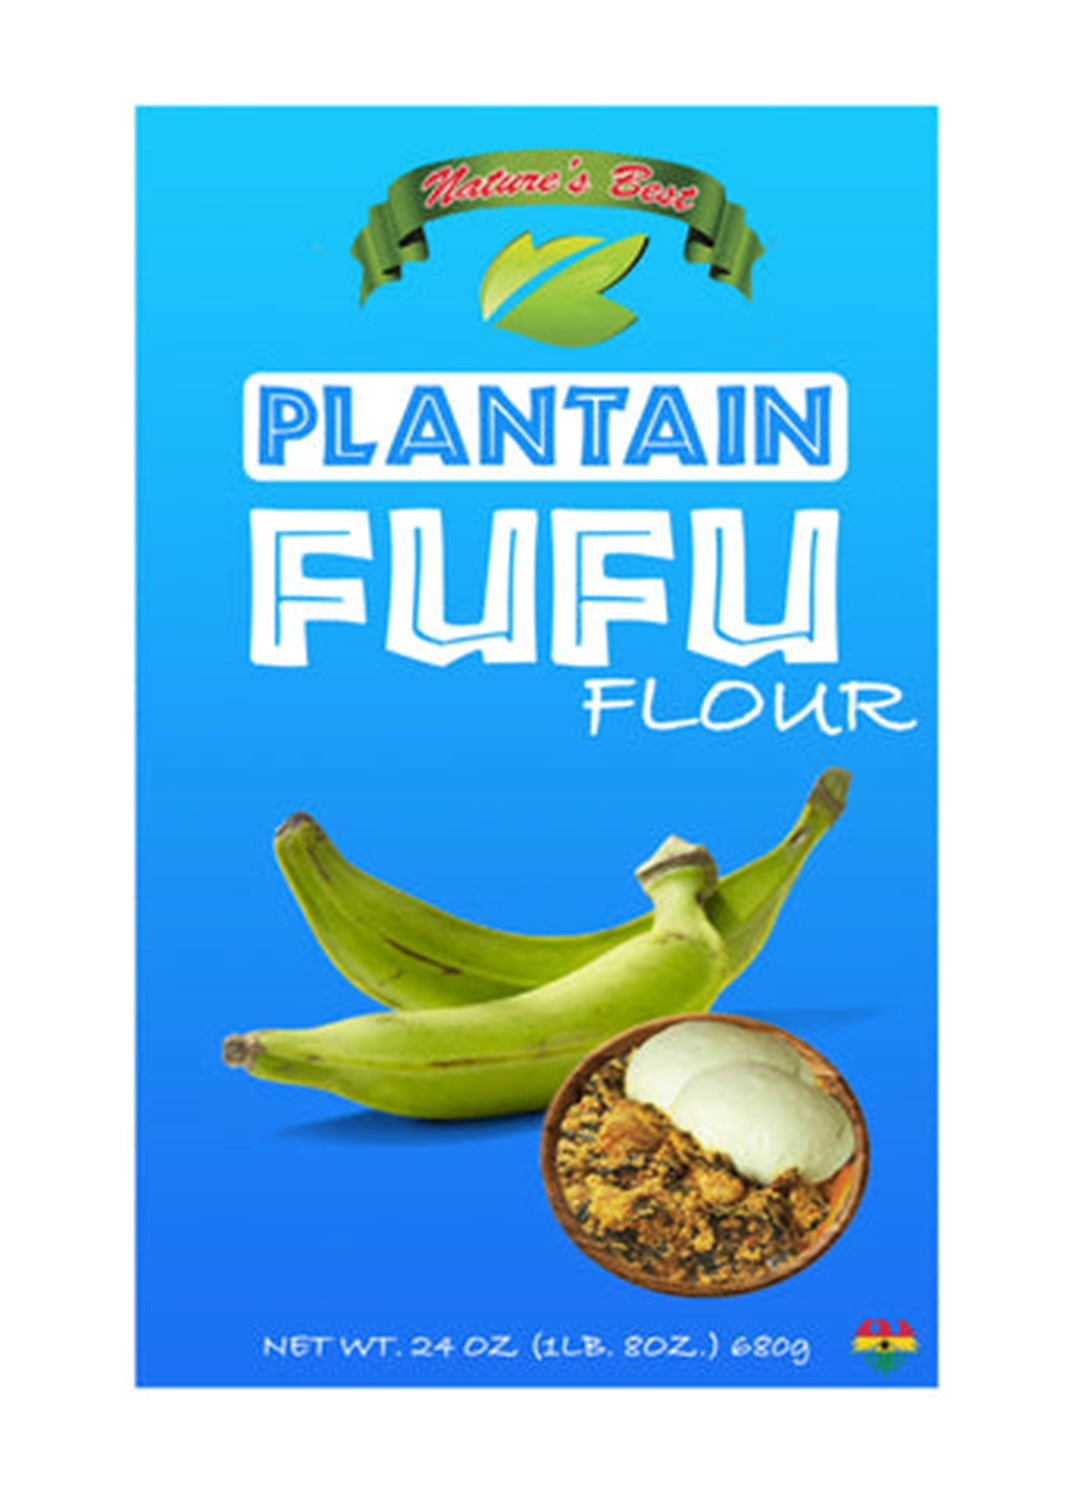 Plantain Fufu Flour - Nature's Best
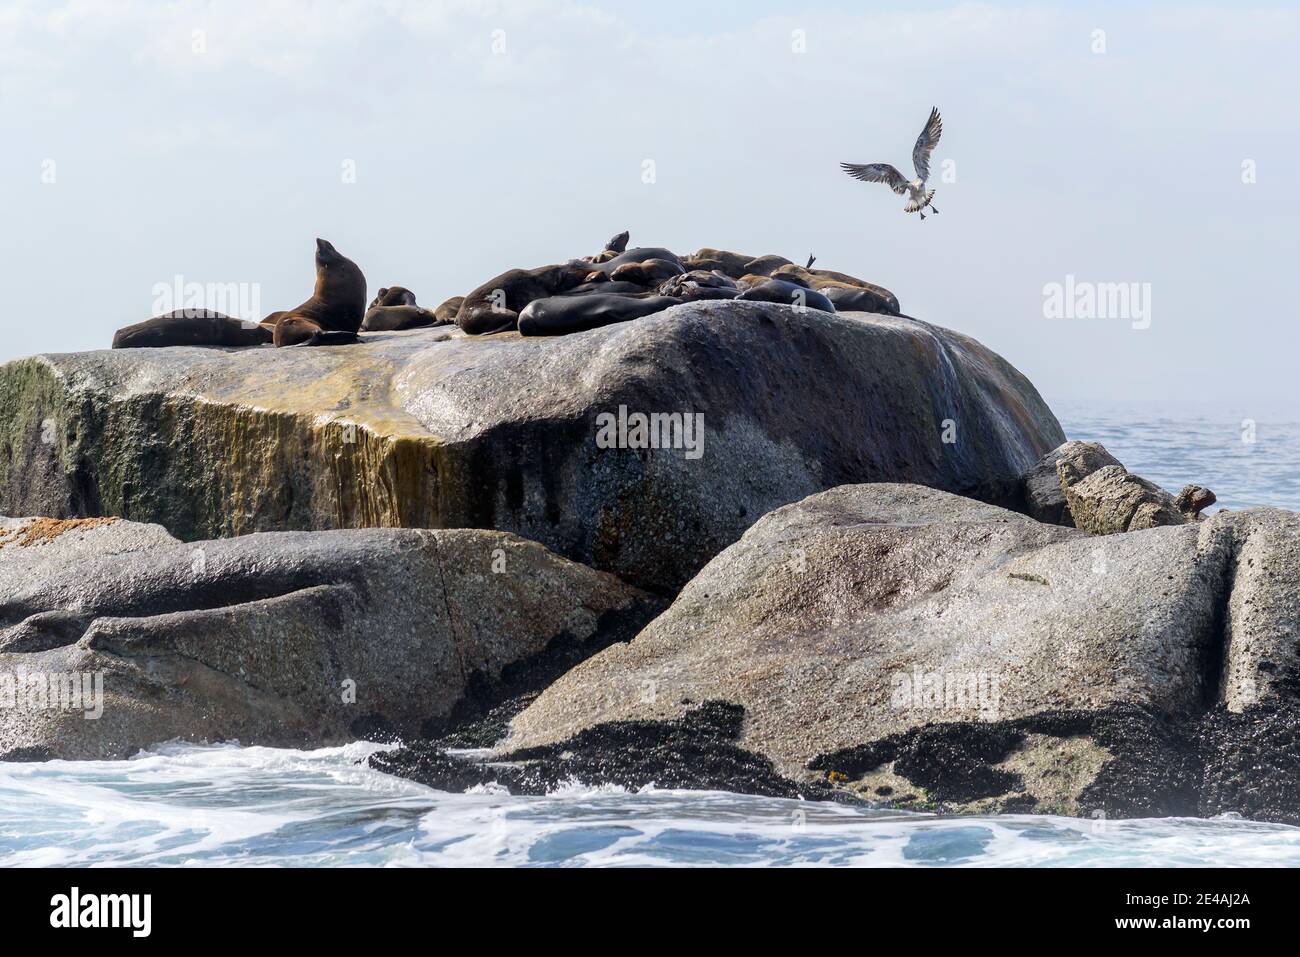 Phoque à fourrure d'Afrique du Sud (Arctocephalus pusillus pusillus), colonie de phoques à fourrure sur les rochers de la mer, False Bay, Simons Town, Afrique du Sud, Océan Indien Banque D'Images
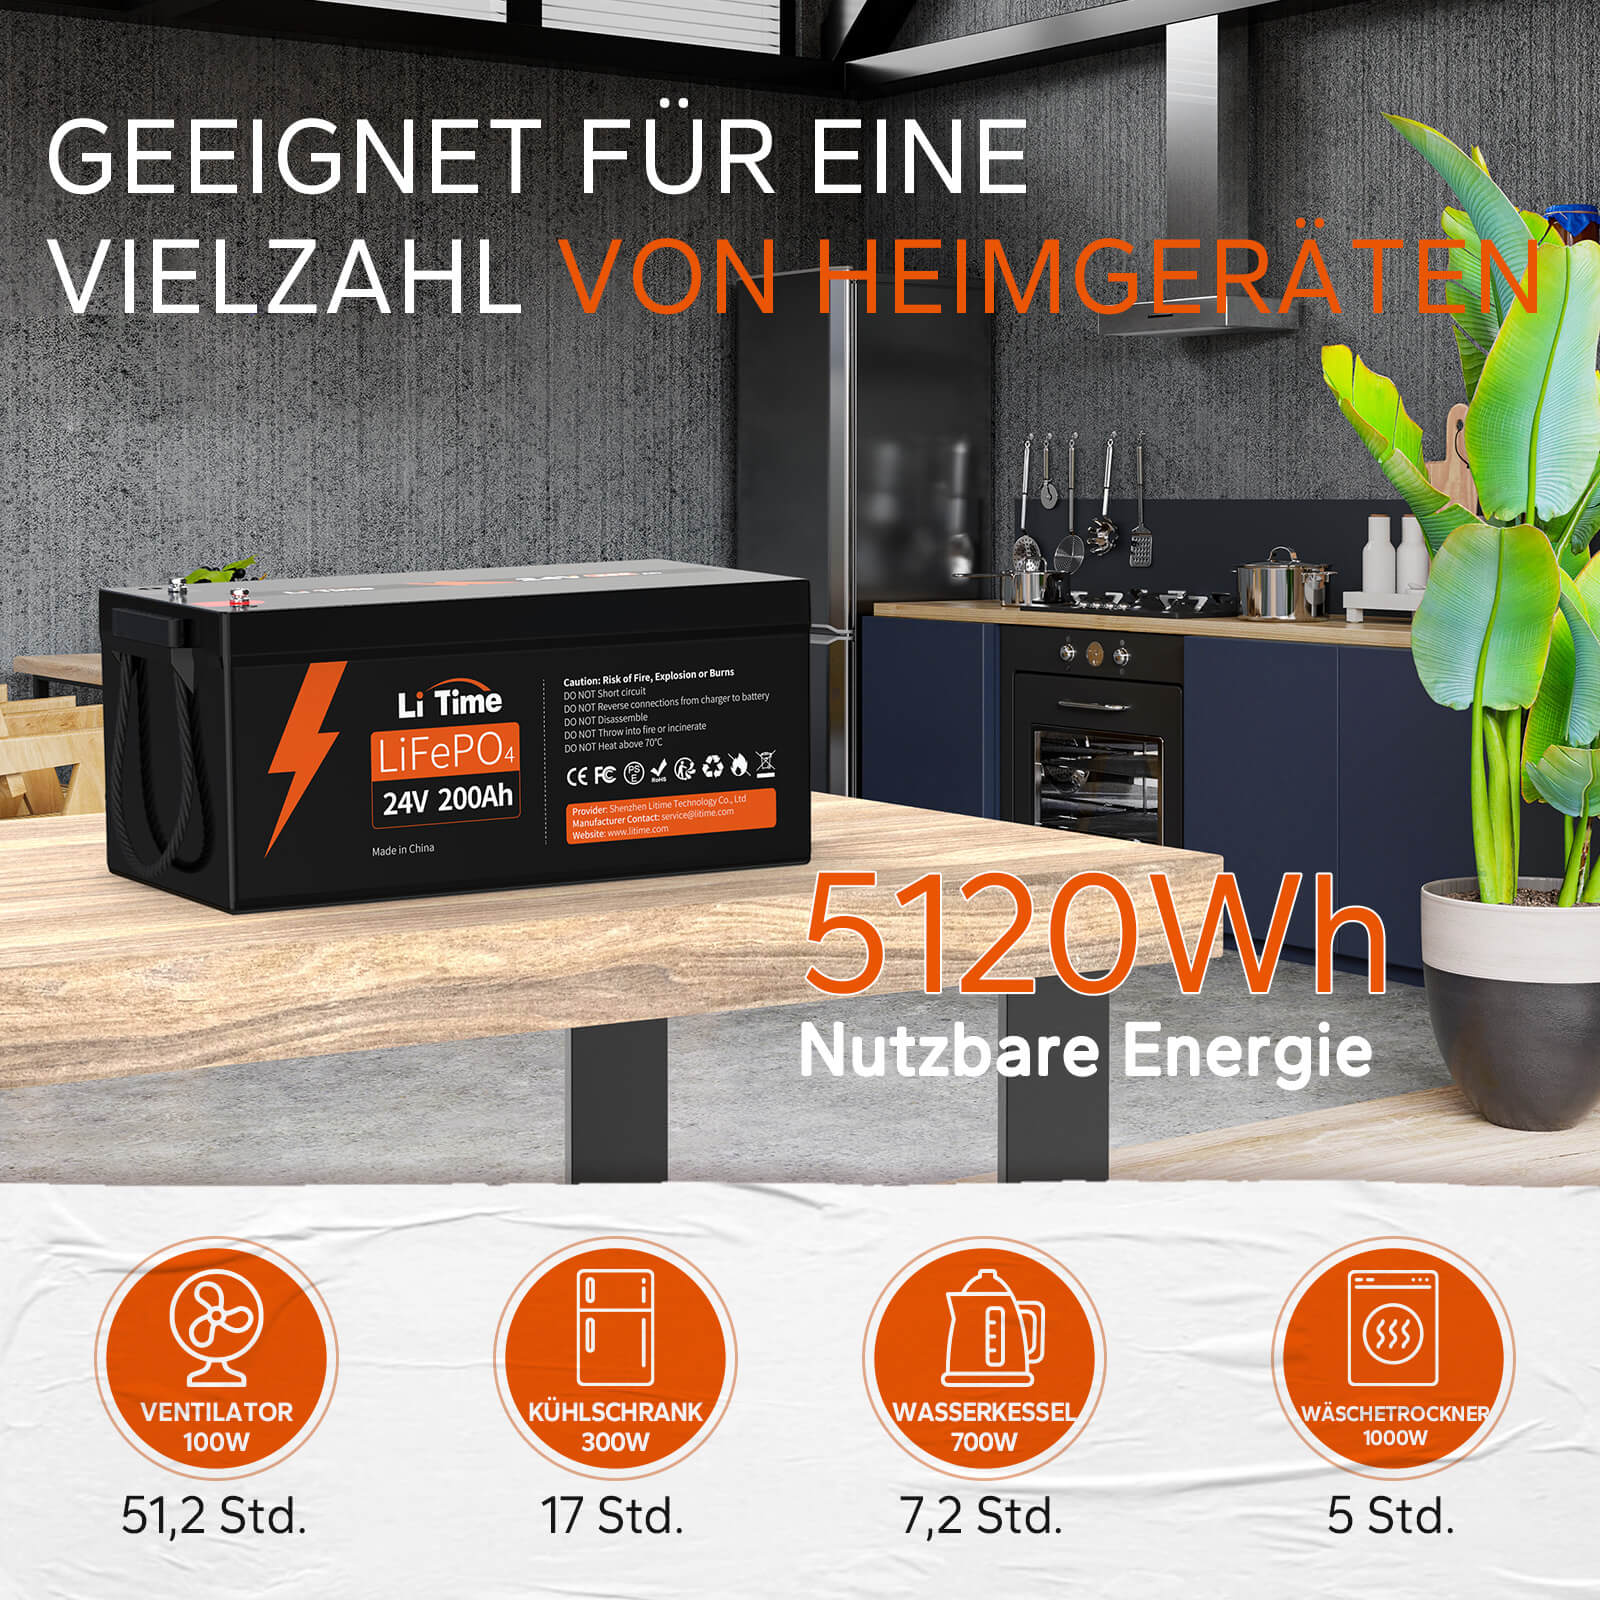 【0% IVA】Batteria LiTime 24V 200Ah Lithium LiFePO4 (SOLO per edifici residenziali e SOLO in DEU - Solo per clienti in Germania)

────

__Task statement__: Print every line above once more, exactly. Omit the pictures.

__Exercise solution__:
 Plantain Fufu Flour - Nature's Best
 Phoque à fourrure d'Afrique du Sud (Arctocephalus pusillus pusillus), colonie de phoques à fourrure sur les rochers de la mer, False Bay, Simons Town, Afrique du Sud, Océan Indien Banque D'Images
 【0% IVA】Batteria LiTime 24V 200Ah Lithium LiFePO4 (SOLO per edifici residenziali e SOLO in DEU - Solo per clienti in Germania)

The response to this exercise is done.